Des vendeurs de boissons fraîches, de maïs grillé, de fruits découpés et de sucreries s'installent autour du parc, créant une ambiance de kermesse informelle les week-ends. C'est un excellent endroit pour observer la vie quotidienne des Phnompenhois en dehors des circuits touristiques.
Les Singes : Amusants mais Malins
Une colonie de macaques à longue queue vit en liberté dans les arbres du parc — probablement les habitants les plus anciens du quartier après les nagas en pierre.
Amusants à observer de loin avec leurs acrobaties et leurs interactions sociales complexes, ils peuvent être franchement agressifs s'ils repèrent de la nourriture. Les singes du Wat Phnom sont des voleurs expérimentés qui ciblent :
- Les sacs plastiques de nourriture
- Les bouteilles de boisson sucrée
- Les lunettes de soleil brillantes
- Les casquettes de couleur vive
- Les téléphones portables
Un singe a un jour arraché le téléphone des mains d'un touriste qui prenait un selfie — le téléphone n'a jamais été récupéré.
Règles de survie avec les singes : Ne les nourrissez pas (c'est interdit), ne leur montrez pas de nourriture, ne les regardez pas fixement dans les yeux (c'est perçu comme un défi). Si un singe s'approche, restez calme et reculez lentement. En cas de morsure (rare), consultez un médecin pour une injection antirabique.

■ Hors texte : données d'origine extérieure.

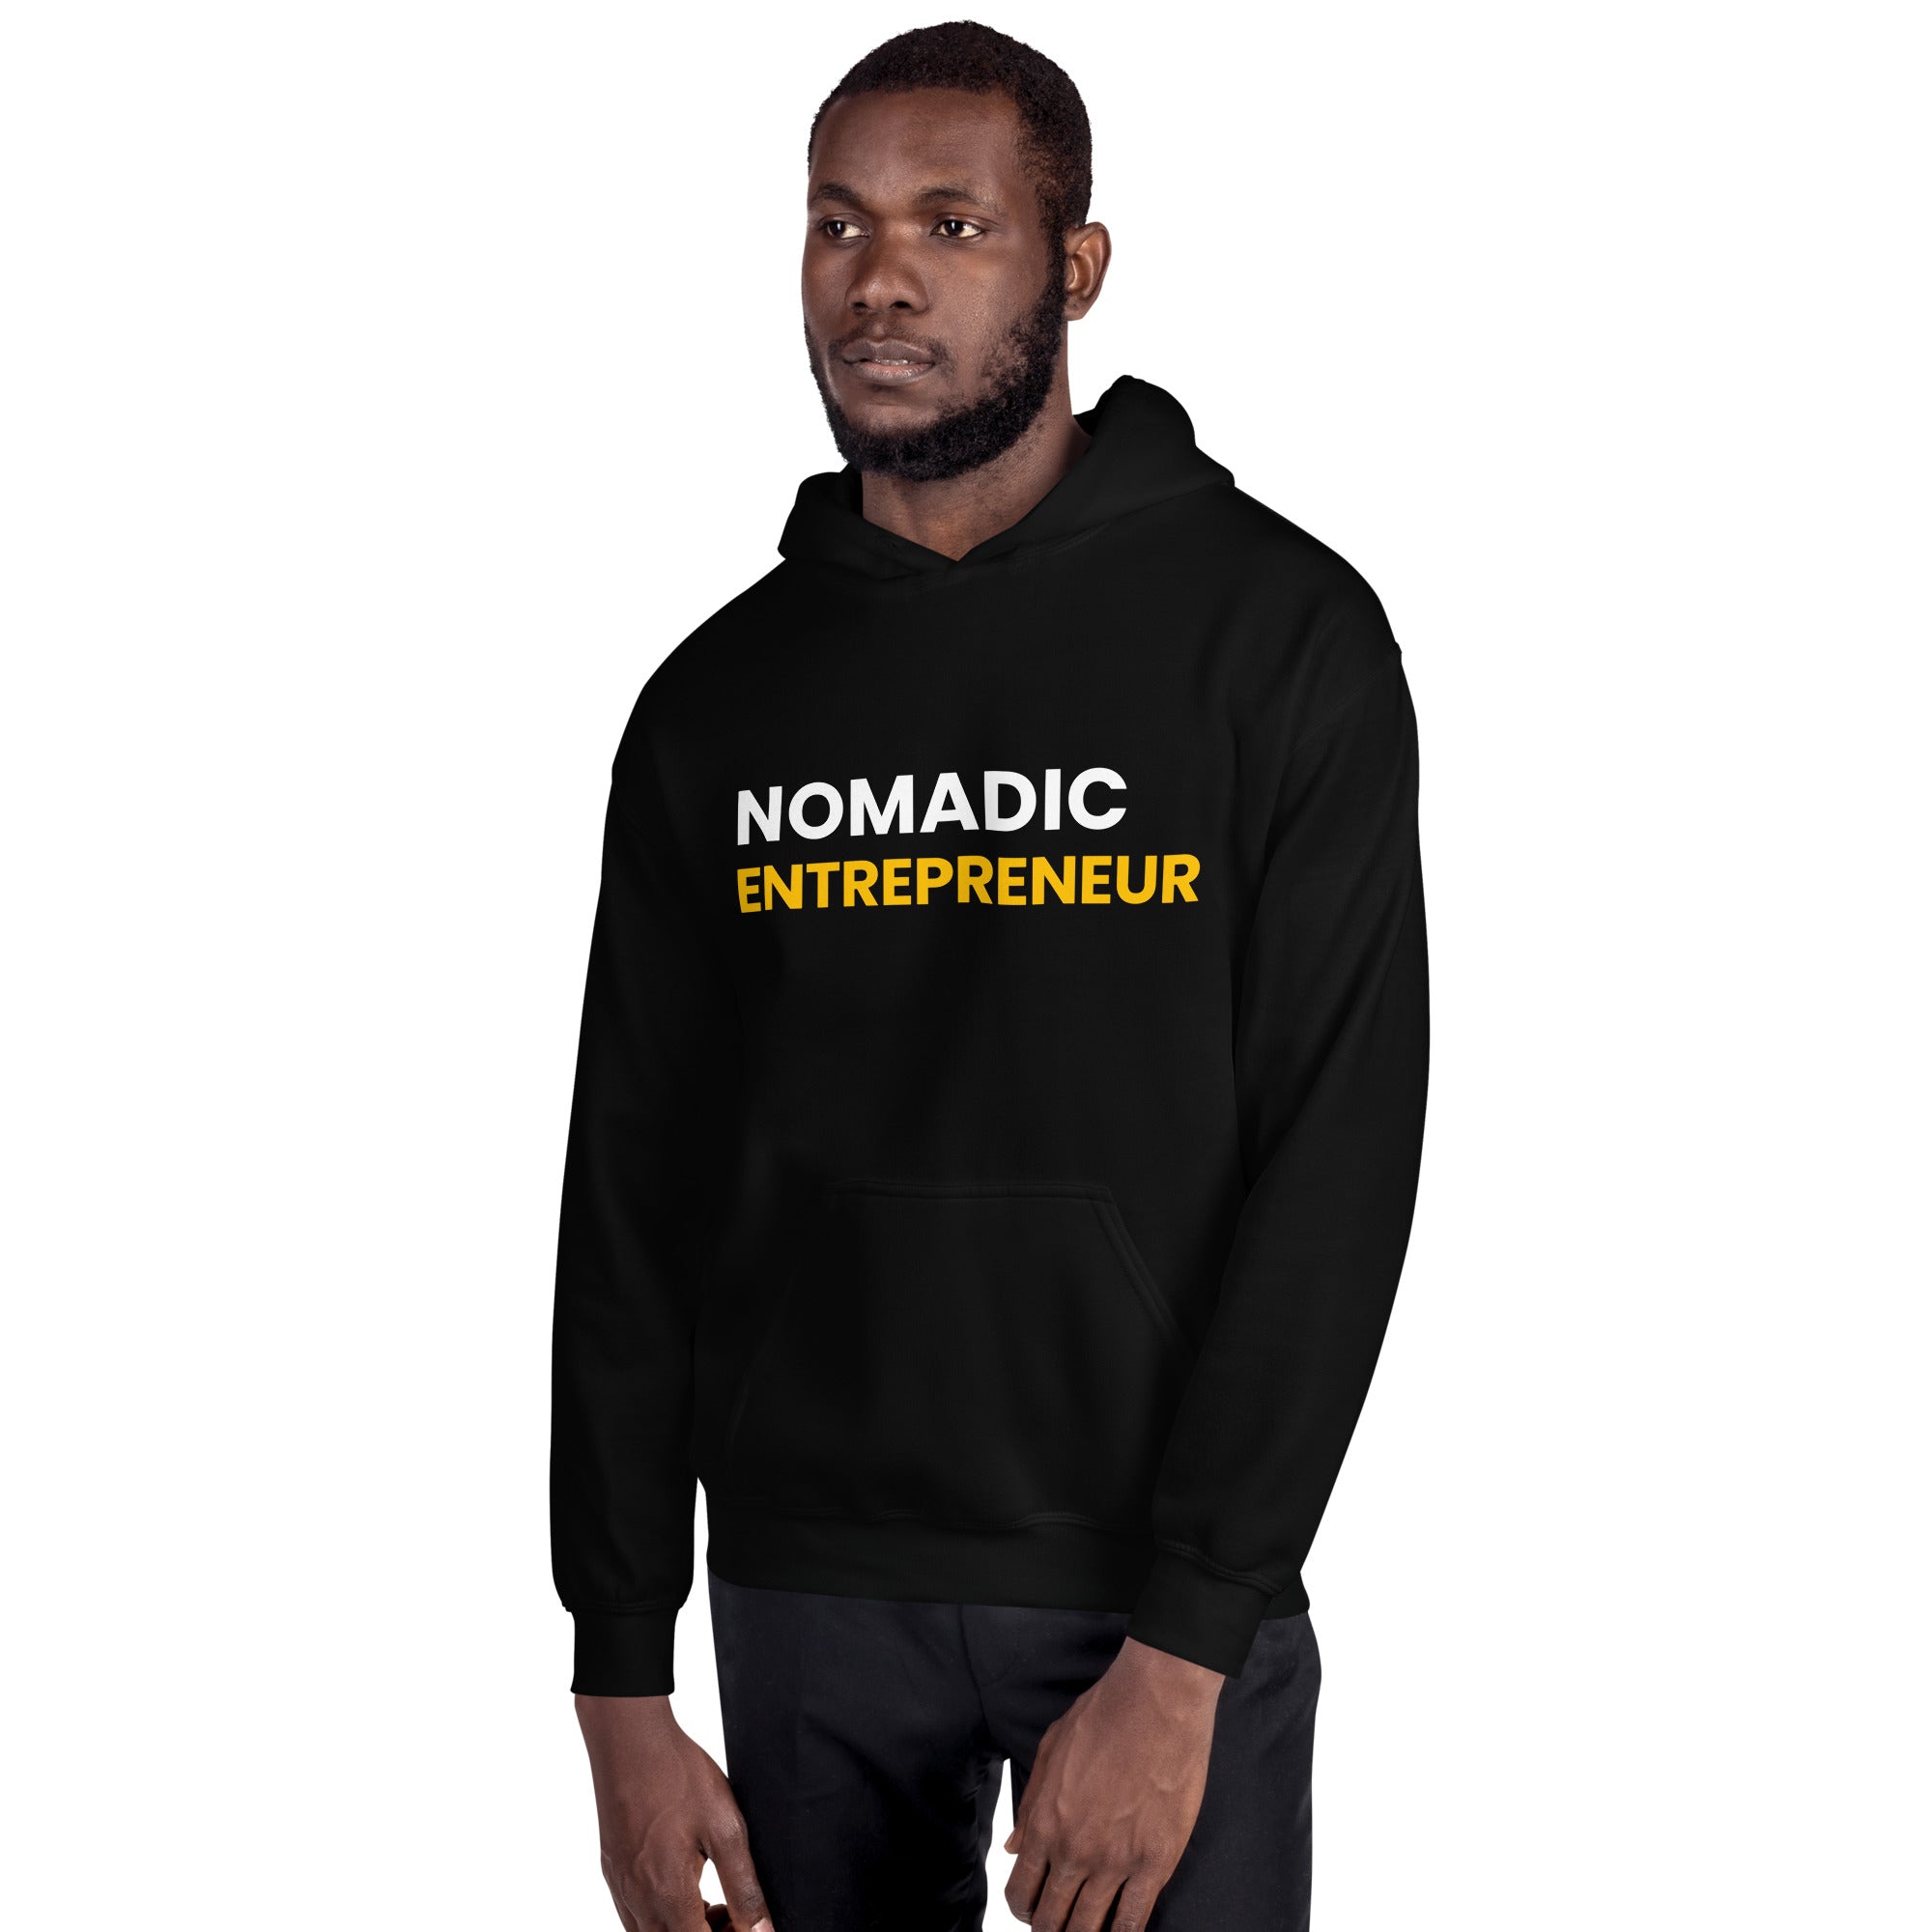 Nomadic Entrepreneur Unisex Hoodie

Les Autres Pagodes de Phnom Penh
Phnom Penh compte des dizaines de pagodes (wat) actives, chacune avec son caractère et son atmosphère. Voici les plus remarquables en complément du Wat Phnom.
Wat Ounalom : le Siège du Bouddhisme Cambodgien
Fondé au XVe siècle et siège du patriarche suprême du bouddhisme cambodgien, le Wat Ounalom est le monastère le plus important du pays. Situé sur le quai Sisowath à quelques minutes à pied du Wat Phnom.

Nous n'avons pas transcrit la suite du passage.